Whether it exactly matches the reference (probably not)
Whether it contains the key terms we care about
The compression ratio — is it actually shorter than the input?
Whether the compression is in a reasonable range

This layered approach — combining exact checks, keyword checks, and custom metrics — is how real evaluation pipelines work. Each evaluator catches a different class of failure.

Figure 3:Choosing the right evaluator: start with what you need to verify, then pick the simplest evaluator that captures it. Use deterministic evaluators for verifiable properties; save LLM-based evaluation for subjective qualities.

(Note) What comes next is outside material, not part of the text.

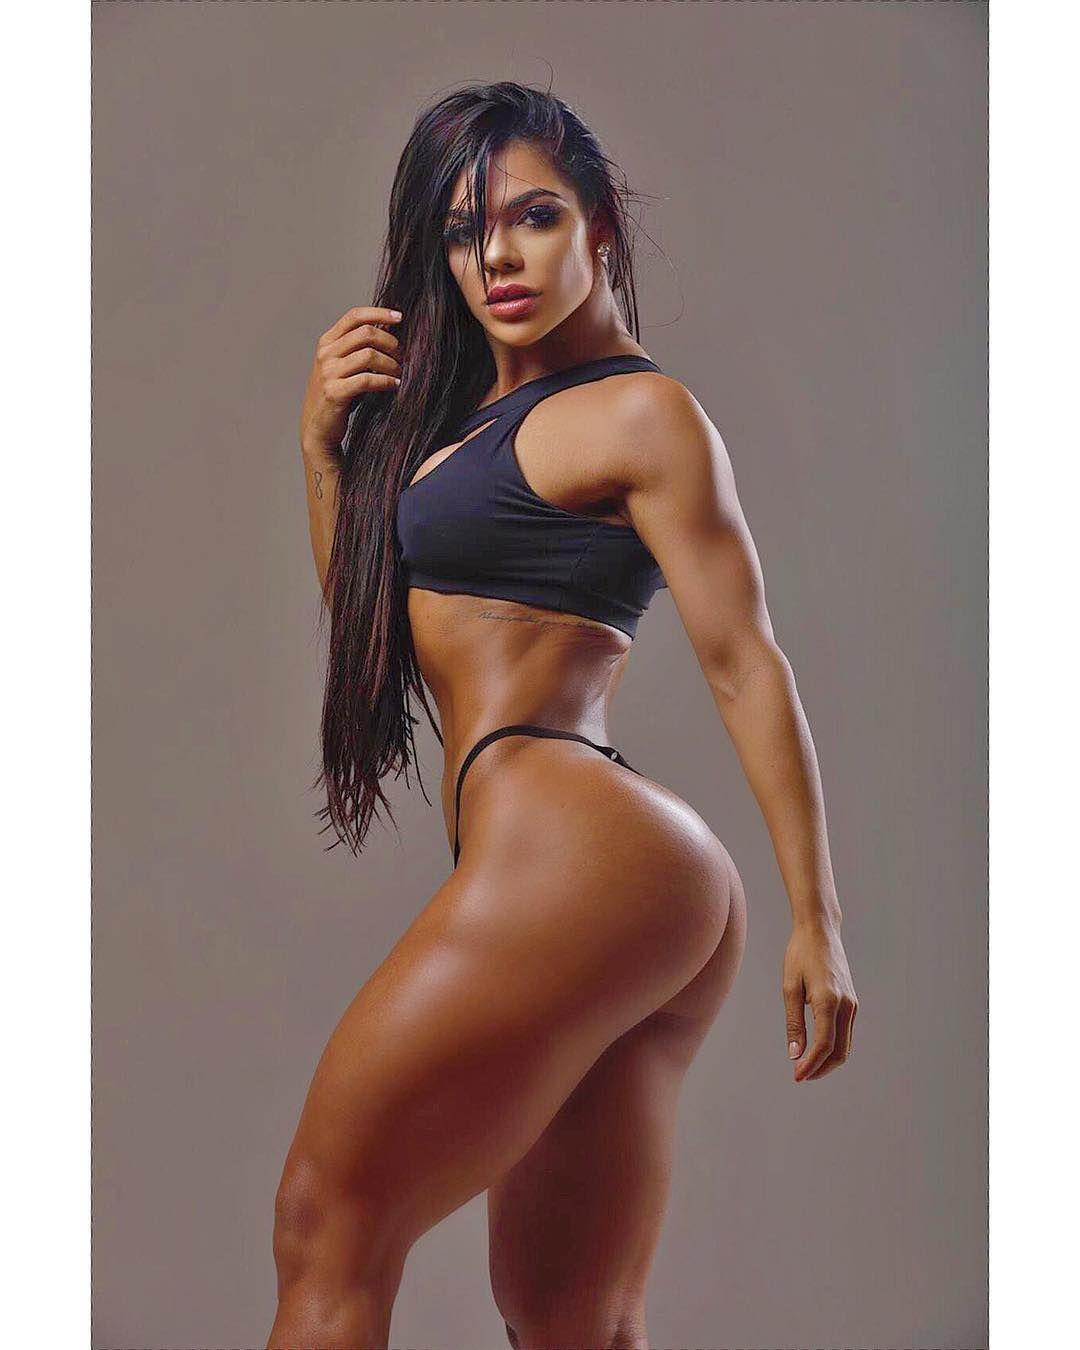 Susi Hotride - Model page

Exercise 11.2: Build Your Own Evaluation Dataset

Write a pydantic-evals Dataset that evaluates a headline_generator function. This function takes an article body (string) and returns a headline (string).

Your Dataset should:

Have at least 4 Cases with realistic article inputs and expected headlines
Use Contains with a case-specific key term per article (e.g., the main subject)
Include a custom evaluator called HeadlineLength that checks the headline is between 5 and 15 words

Starter code (copy into a code cell and fill in the TODOs):

from dataclasses import dataclass

from pydantic_evals import Case, Dataset
from pydantic_evals.evaluators import Contains, Evaluator, EvaluatorContext


@dataclass
class HeadlineLength(Evaluator[str, str]):
    """Check that the headline is between min_words and max_words."""
    min_words: int = 5
    max_words: int = 15

    def evaluate(self, ctx: EvaluatorContext[str, str]) -> bool:
        # TODO: count words in ctx.output and check the range
        pass


def headline_generator(article: str) -> str:
    """Generate a headline from article text."""
    # TODO: implement (can be simple — first N words, keyword extraction, etc.)
    pass


dataset = Dataset(
    name="headline_eval",
    cases=[
        # TODO: add 4+ Cases with inputs, expected_output, and per-case evaluators
    ],
    evaluators=[
        HeadlineLength(),
    ],
)

report = await dataset.evaluate(headline_generator)
report.print(include_output=True, include_durations=False)

Wrap-Up¶

Key Takeaways¶

Key Takeaways

Evaluating LLM outputs is fundamentally harder than evaluating classifiers — there’s no single correct answer for most generation tasks, and “quality” is subjective and context-dependent
Standard benchmarks (MMLU, HumanEval, MT-Bench) measure general model capabilities but say little about performance on your specific application
Classical metrics like BLEU (precision), ROUGE (recall), and BERTScore (semantic similarity) all require a reference text — they can’t evaluate truly open-ended generation
pydantic-evals brings software testing discipline to LLM evaluation — Cases define inputs and expectations, Datasets collect them with Evaluators, and Reports give you structured results
Built-in evaluators (EqualsExpected, Contains, IsInstance) handle common checks; custom evaluators let you encode domain-specific quality criteria
Layer your evaluators — use deterministic checks for what you can verify mechanically (type, length, keywords), and save expensive approaches for what you can’t
Exact match is almost always too strict for generation tasks — the EqualsExpected failure on summarization is a feature, not a bug, because it forces us to think about what “correct” really means

What’s Next¶

In Part 02, we’ll tackle the question we left open: how do you evaluate subjective quality without a reference text? We’ll meet LLMJudge — an evaluator that uses an LLM to assess another LLM’s output — and build RAGAS-style metrics (faithfulness, answer relevance, context quality) to evaluate the RAG pipelines we built in Week 10.